This is a PyTorch implementation of the paper Generalization through Memorization: Nearest Neighbor Language Models. It uses k-nearest neighbors to improve perplexity of autoregressive transformer models.

An autoregressive language model estimates $p(w_{t}∣c_{t})$, where $w_{t}$ is the token at step $t$ and $c_{t}$ is the context, $c_{t}=(w_{1},w_{2},...,w_{t−1})$.

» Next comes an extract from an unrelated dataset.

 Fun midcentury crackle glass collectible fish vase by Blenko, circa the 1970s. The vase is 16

This paper, improves $p(w_{t}∣c_{t})$ using a k-nearest neighbor search on key-value pairs $(f(c_{i}),w_{i})$, with search key $f(c_{t})$. Here $f(c_{t})$ is an embedding of the context $c_{t}$. The paper (and this implementation) uses the **input to the feed-forward layer of the final layer of the transformer** as $f(c_{t})$.

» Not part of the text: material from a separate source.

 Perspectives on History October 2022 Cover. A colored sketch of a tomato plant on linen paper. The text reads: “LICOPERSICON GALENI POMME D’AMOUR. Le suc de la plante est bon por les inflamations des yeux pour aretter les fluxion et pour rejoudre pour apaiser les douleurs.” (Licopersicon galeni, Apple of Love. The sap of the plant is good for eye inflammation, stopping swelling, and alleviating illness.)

We use FAISS to index $f(c_{i})$.

So to run $k$NN-LM we need to:

- Train a transformer model
- Build an index of $(f(c_{i}),w_{i})$
- Evaluate kNN-ML using $k$NN seach on $(f(c_{i}),w_{i})$ with $f(c_{t})$

This experiment uses a small dataset so that we can run this without using up a few hundred giga-bytes of disk space for the index.

The official implementation of $k$NN-LM can be found here.